Dual-emit means your existing dashboards and alerts built on old attribute names keep working while you build new ones targeting gen_ai.*. Once you’ve migrated all your queries, flip from gen_ai/dup to gen_ai and stop the duplication overhead.

One practical callout: experimental status means attribute names can change before stabilization. Pin your instrumentation package versions and subscribe to the GenAI SIG changelog. Surprise attribute renames will silently break dashboards if you’re pulling the latest package on every deploy.

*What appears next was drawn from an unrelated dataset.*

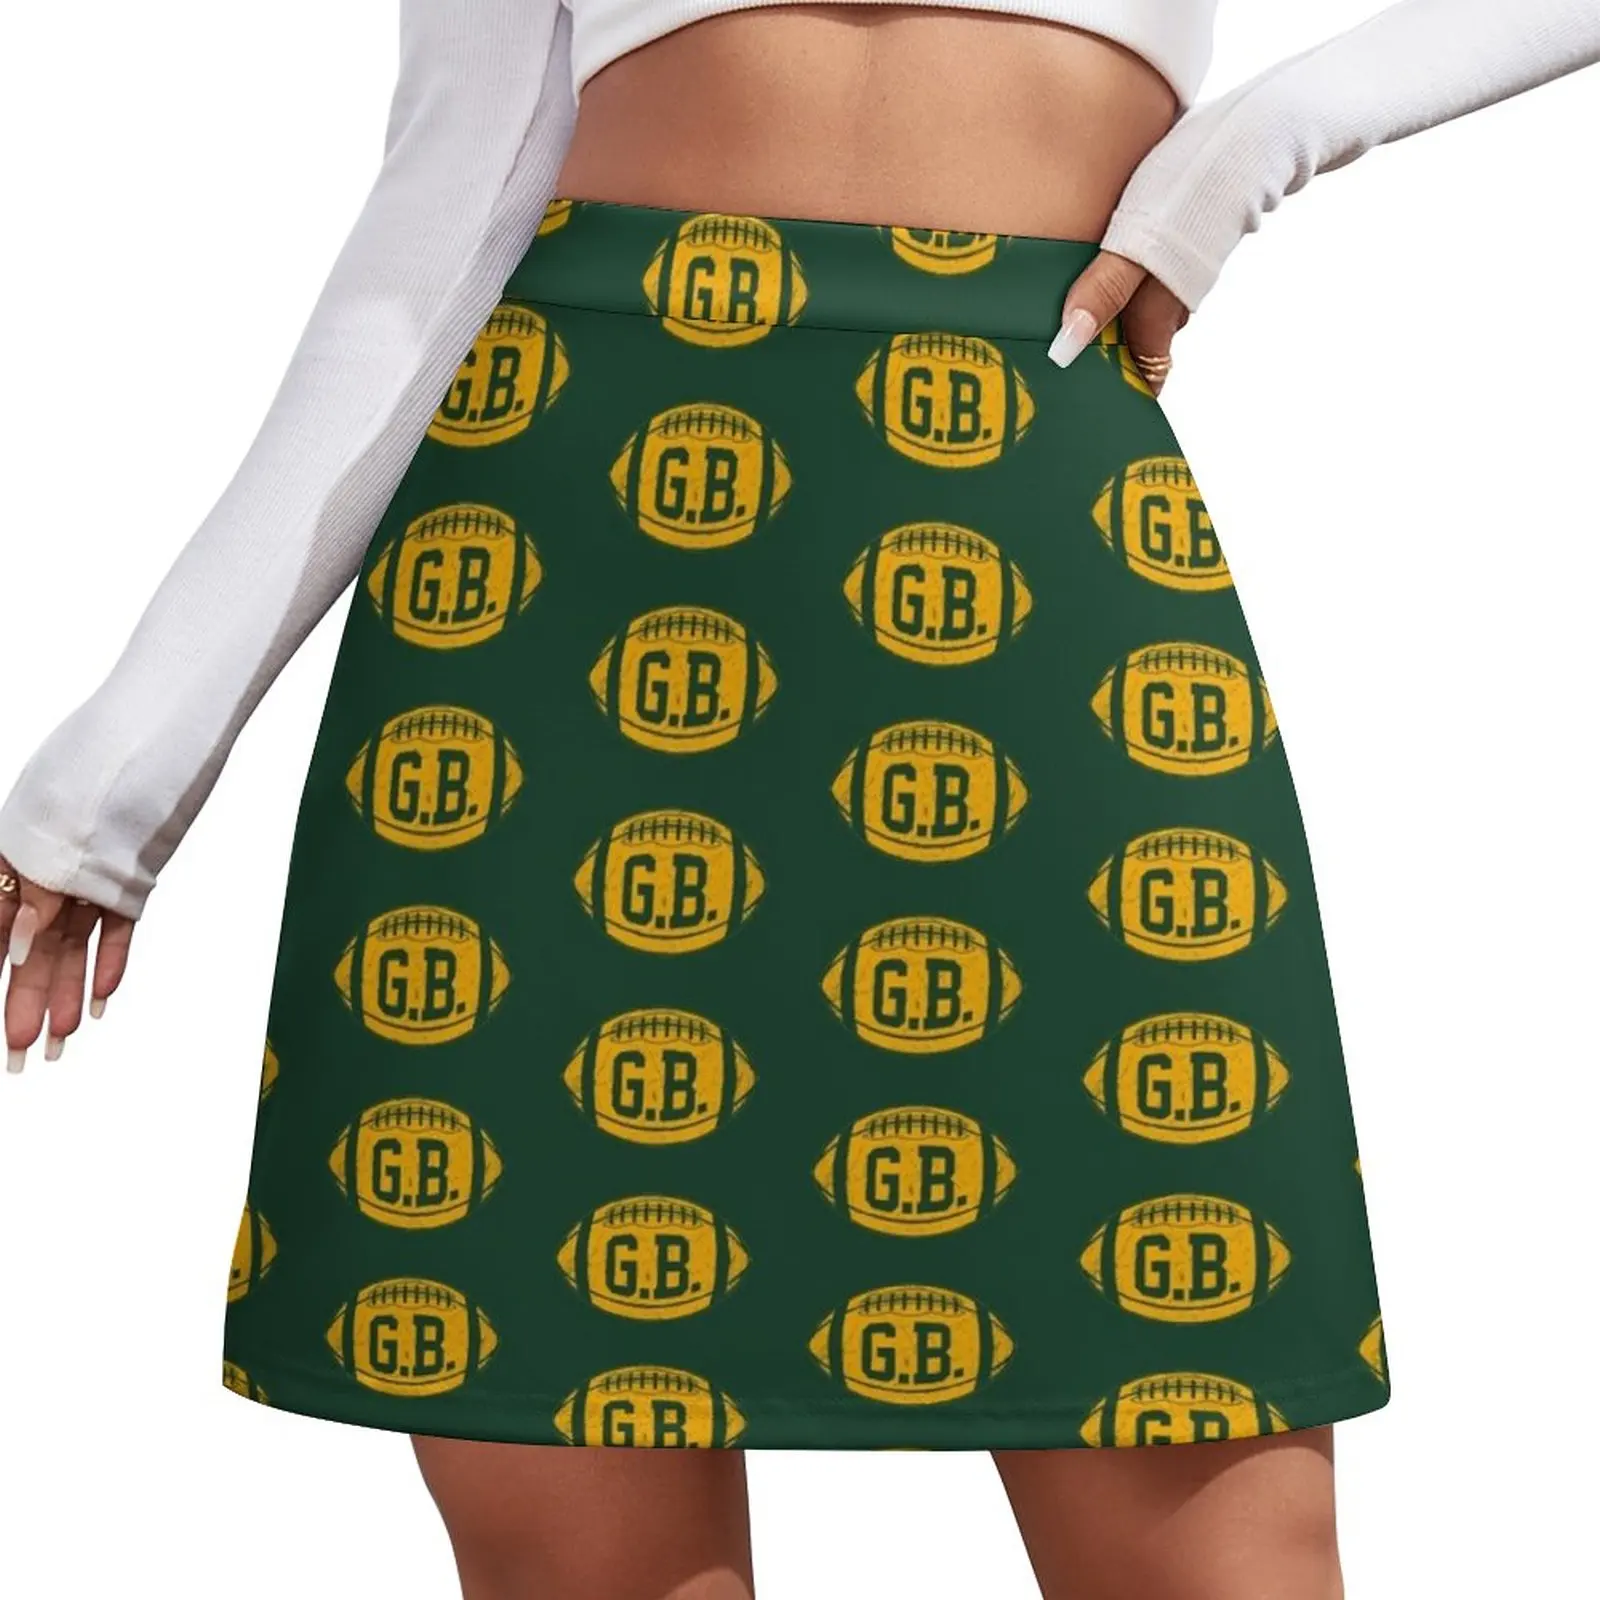 GB Retro Football - Green Mini Skirt elegant social women's skirts korean summer clothes summer skirts skirt sets social

OpenTelemetry LLM observability gives you something no proprietary SDK can: a single instrumentation contract that works across every LLM provider, every agent framework, and every observability backend — now and as the ecosystem evolves. The gen_ai.* span attributes are stable enough for production use today, and the experimental-to-stable transition is manageable with OTEL_SEMCONV_STABILITY_OPT_IN.

The right starting point is the auto-instrumentation package for your primary LLM provider. Get spans flowing into your OTel Collector first. Then layer in events for prompt content, add the full token tracking attributes for cached calls, and model your agent workflows as parent-child span hierarchies.

Your observability infrastructure will thank you the day you swap backends or add a second LLM provider — and change exactly zero lines of instrumentation code. Start with the GenAI semantic conventions spec and pick an auto-instrumentation package that matches your stack.